Lewis’ address summarized many of the positive impacts made within the city over the course of the last year by a number of organizations, not just city government. He also identified opportunities and challenges that have faced council.
“A great city works on the tough issues the public wants to see addressed,” Lewis said.
He identified the city’s ongoing efforts to rehabilitate streets, calm downtown semi-truck traffic and reconstruct city parking lots as areas of priority for city council. He said the city’s five-year street improvement plan will put an estimated $7 million into street rehabilitation and reconstruction.
He added that he remains optimistic the city will be able to work with the Michigan Department of Transportation to calm semi traffic downtown.
“I think this is the opportunity for the city if we are going to have one,” Lewis said. “The governor wants Charlotte to succeed. We’re saying we need change downtown to make that happen … We’re step-by-step on this. I don’t want to be too optimistic, but I’m very optimistic.”
Lewis said a great city needs the right people in administrative positions, adding that believes Charlotte has that. He said a great city needs great facilities, and pointed to AL!VE, the Charlotte Performing Arts Center, Courthouse Square, and a number of other locations as examples.
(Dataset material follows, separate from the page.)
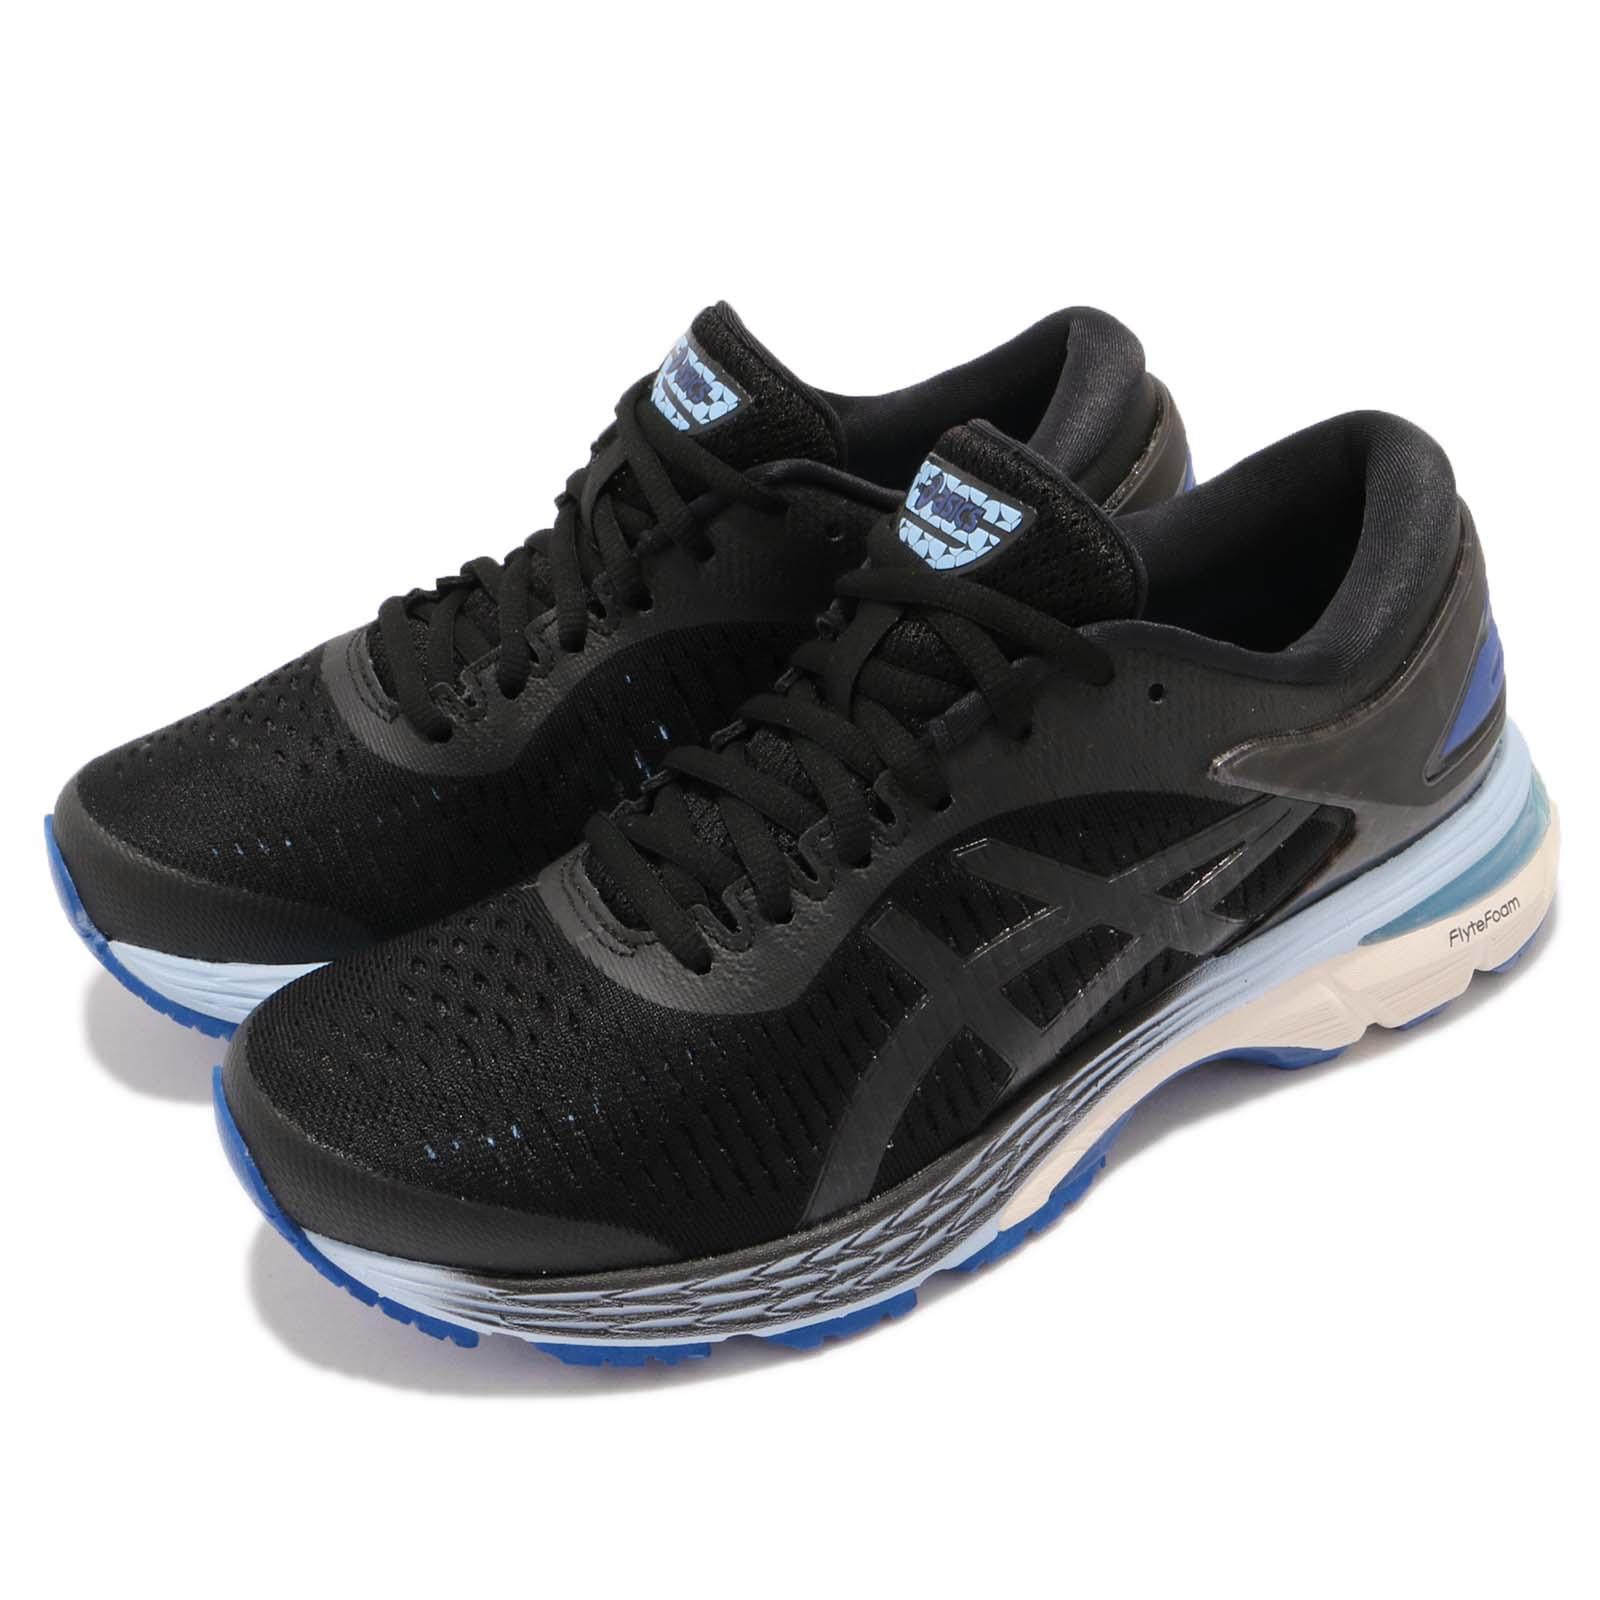 Asics 慢跑鞋 Gel-Kayano 25 女鞋 1012A026001

Lewis said a great community has fun community events, pointing to Charlotte Frontier Days, Celebrate Charlotte, the Michigan Nordic Fire Festival as prime examples of events that make Charlotte a great city.
Lewis also talked about the recent development taking place in Charlotte — $7 million project at Parkside Condos; $10 million project at the old junior high; $2 million invested in the old chair factory property; proposed $8 million investment at the former IGA building; $2 million investment in the former Christensen’s Furniture Building; $1 million investment in The Dolson Restaurant; and $500,000 investment in the Masonic Temple.